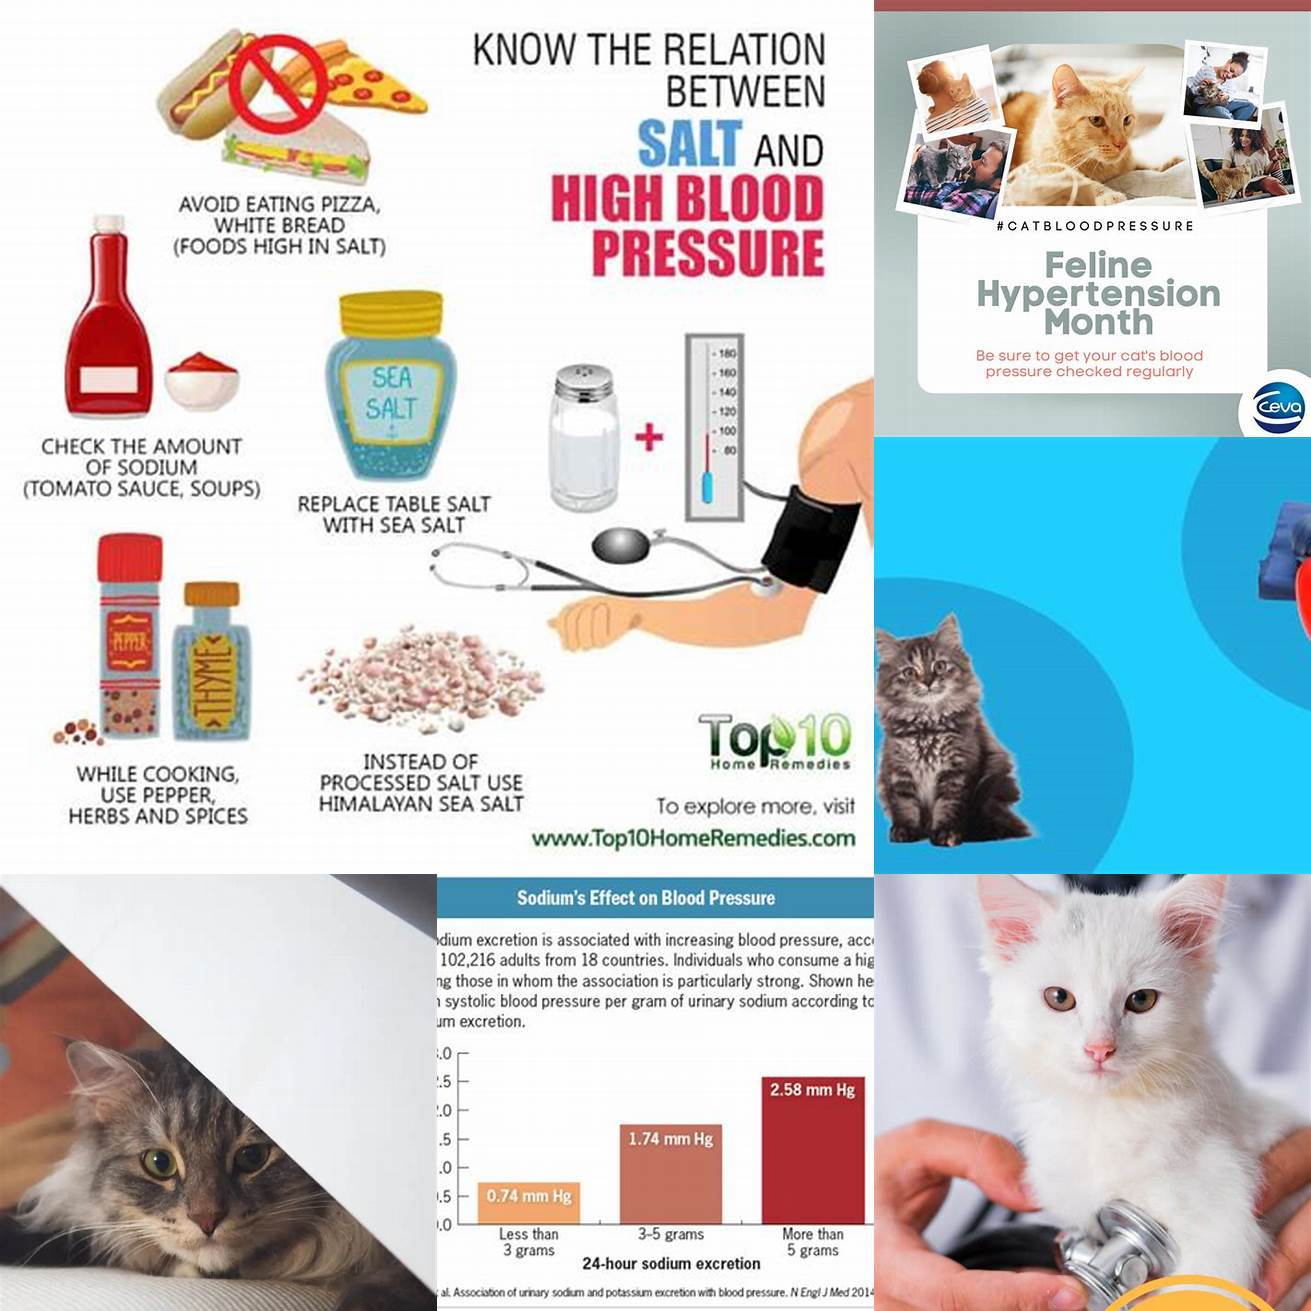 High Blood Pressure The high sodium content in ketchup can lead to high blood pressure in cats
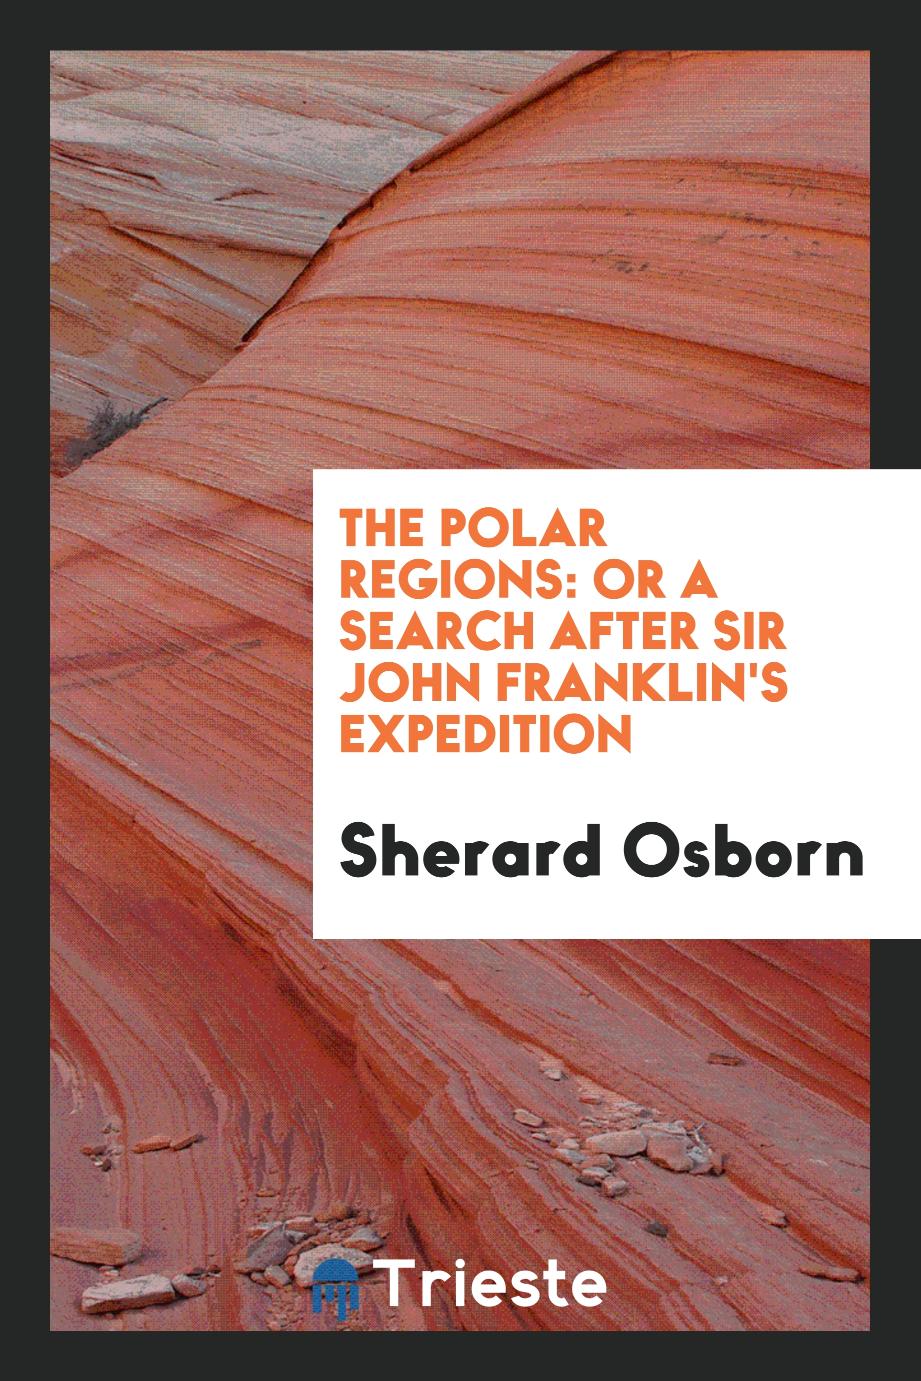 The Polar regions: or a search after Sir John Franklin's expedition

==

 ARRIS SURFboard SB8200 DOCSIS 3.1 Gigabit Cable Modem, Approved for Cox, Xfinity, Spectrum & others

---

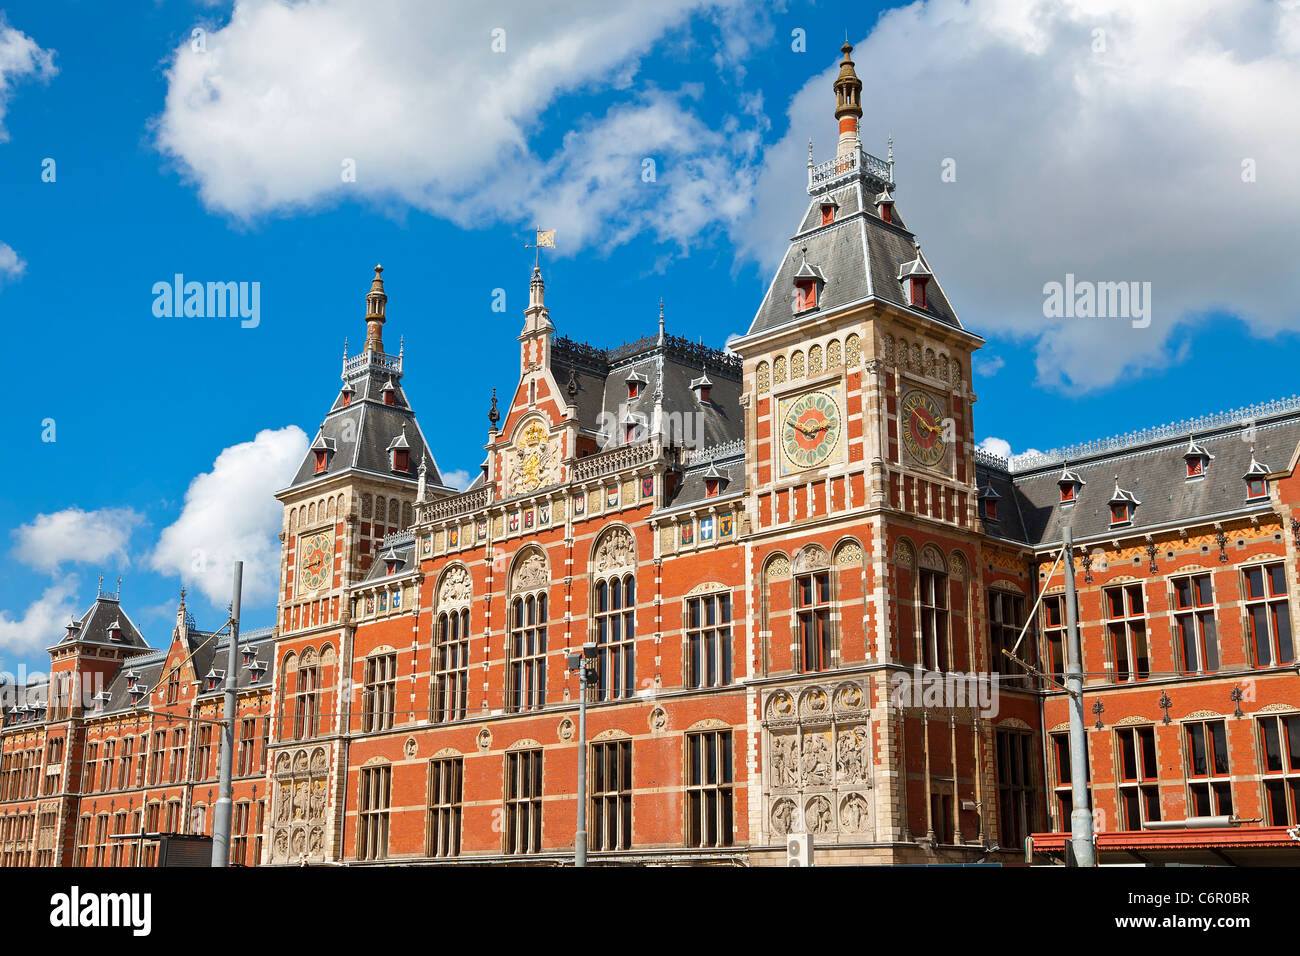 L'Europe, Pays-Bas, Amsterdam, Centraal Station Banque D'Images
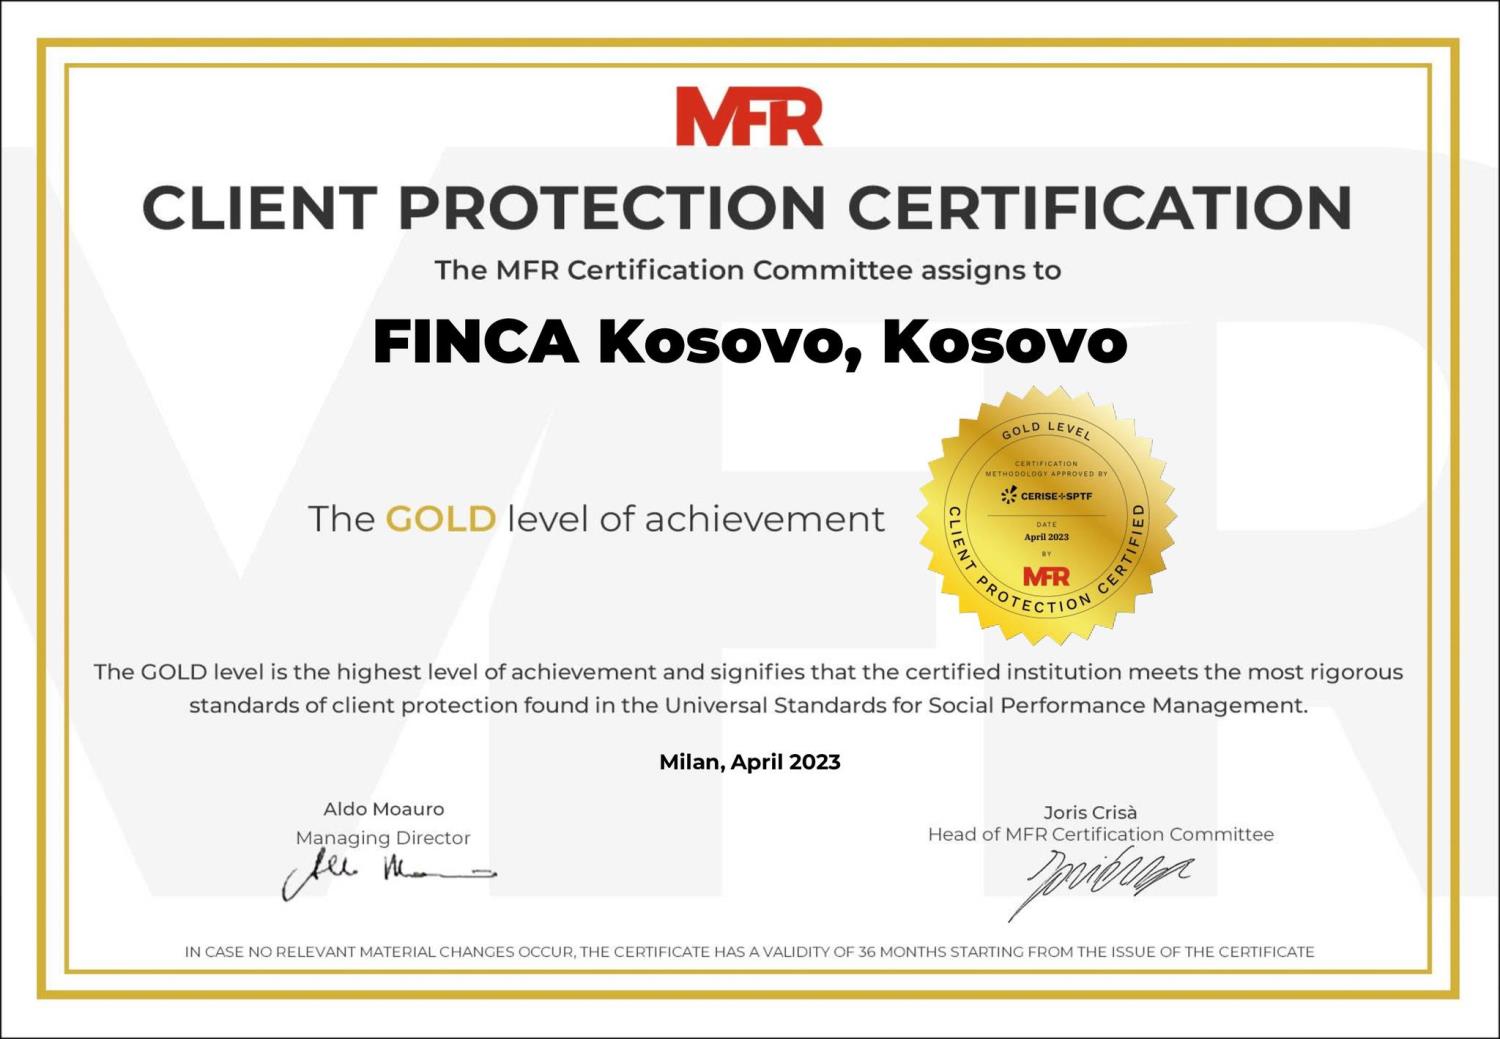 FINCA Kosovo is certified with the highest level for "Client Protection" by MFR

▸ **Task to carry out**: Within the entries above, give again exactly the lines starting at the one that contains "L'Europe, Pays-Bas, Amsterdam, Centraal" and ending at the one that contains "FINCA Kosovo is", leaving out the pictures.

▸ **Answer for the task**:
 L'Europe, Pays-Bas, Amsterdam, Centraal Station Banque D'Images
 FINCA Kosovo is certified with the highest level for "Client Protection" by MFR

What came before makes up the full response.